### [Work request]
Please repeat the whole listing exactly, but leave the pictures out.

[[ Dataset content, beginning ]]

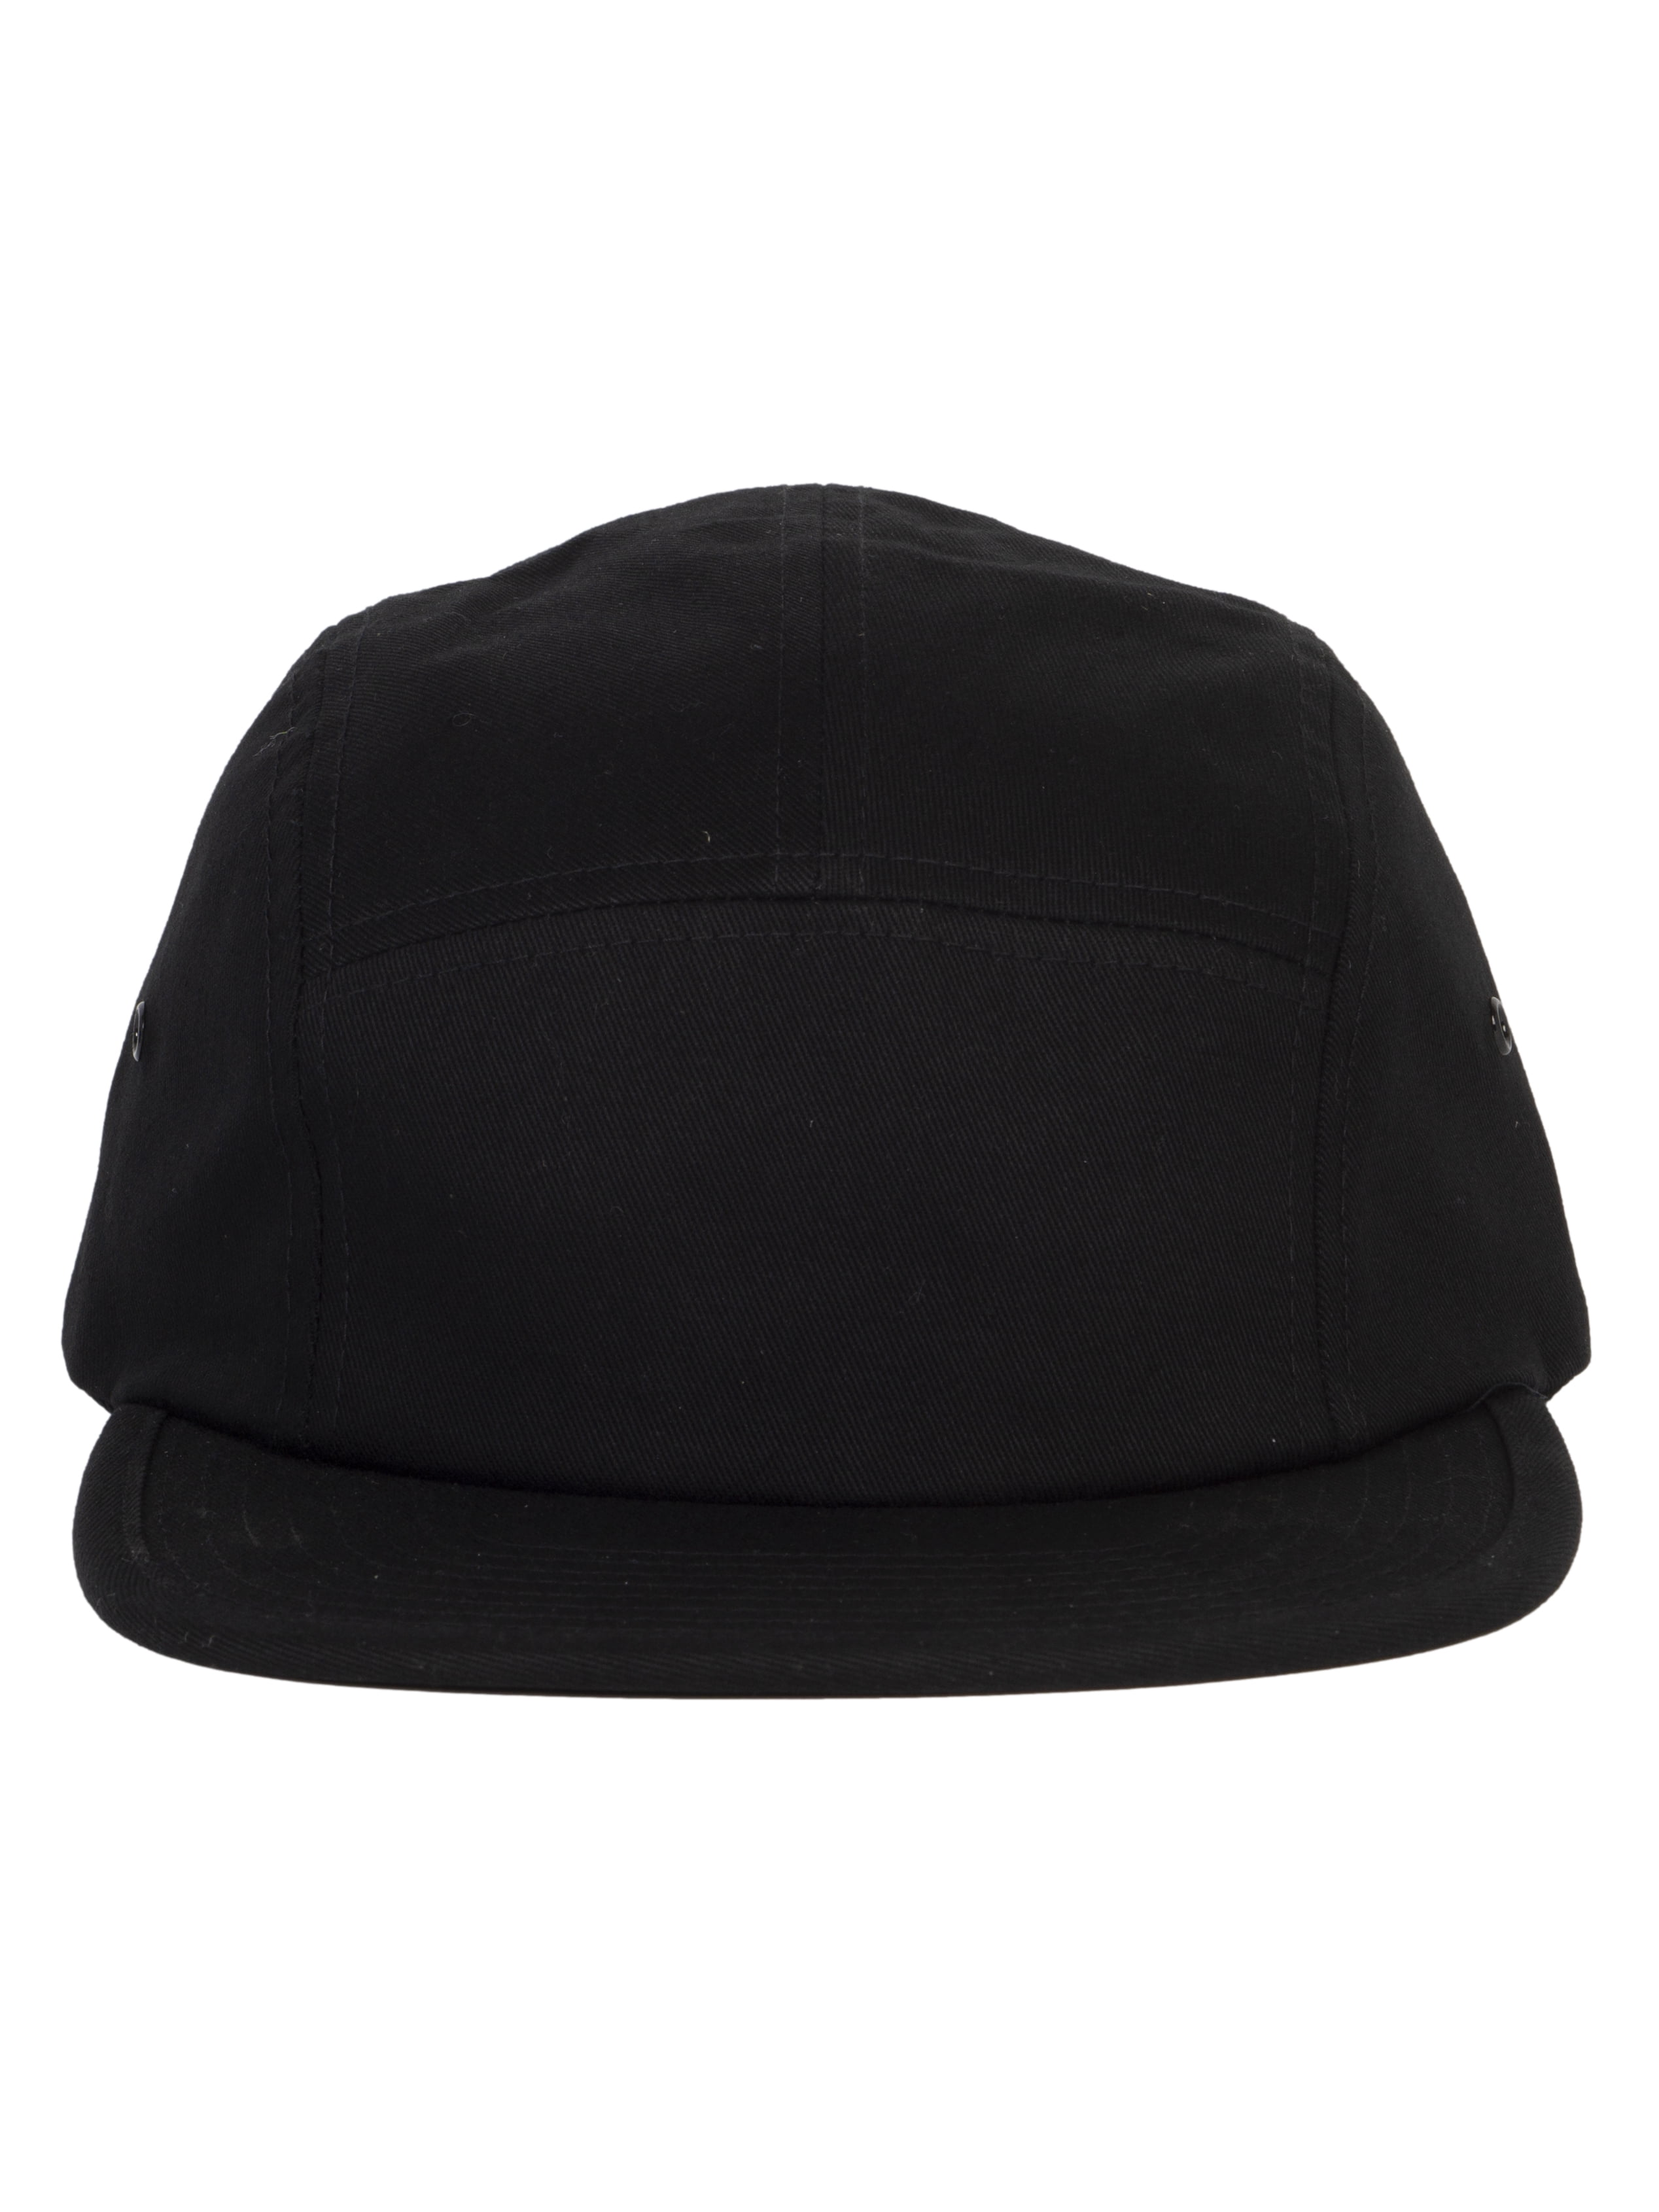 Jockey Bill Baseball Black Classic Flat Hat Cap Headwear 5 Top For Panel Men
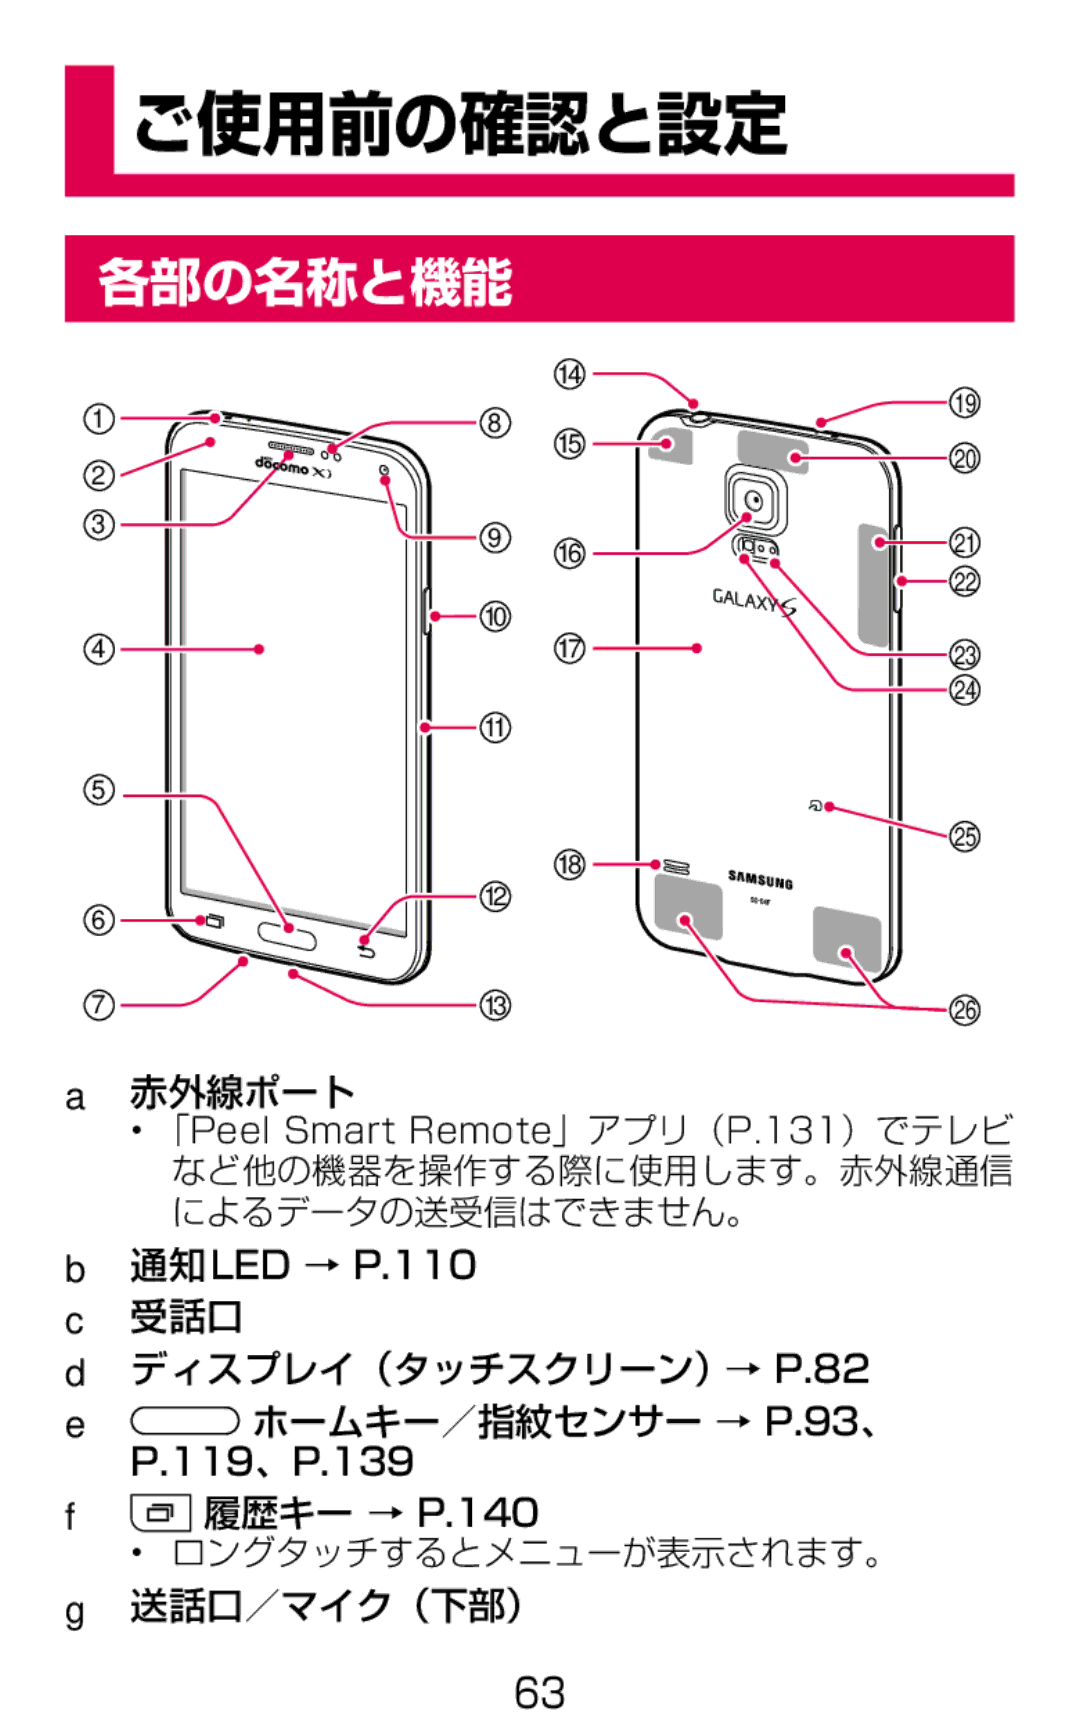 Samsung SM-G900DZKEDCM, SM-G900DZWEDCM manual 各部の名称と機能, 赤外線ポート, 受話口 ディスプレイ（タッチスクリーン）→ P.82 ホームキー／指紋センサー → P.93、, 送話口／マイク（下部） 
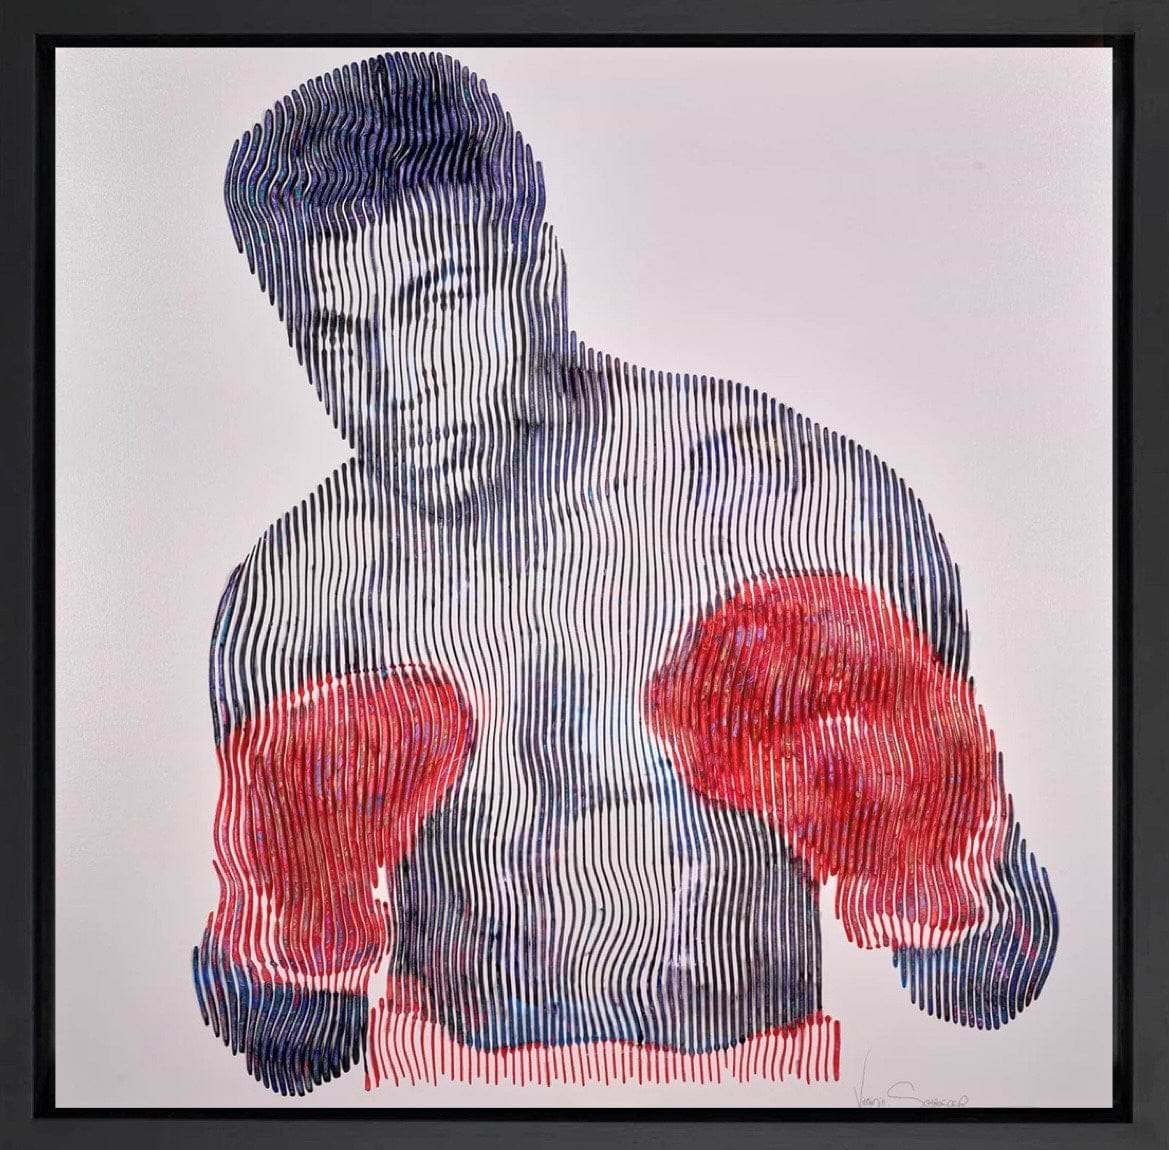 Ali The Strongest

[[ Dataset content, end ]]

### [Task result]
 Jockey Bill Baseball Black Classic Flat Hat Cap Headwear 5 Top For Panel Men
 Samsung SM-G900DZKEDCM, SM-G900DZWEDCM manual 各部の名称と機能, 赤外線ポート, 受話口 ディスプレイ（タッチスクリーン）→ P.82 ホームキー／指紋センサー → P.93、, 送話口／マイク（下部） 
 Ali The Strongest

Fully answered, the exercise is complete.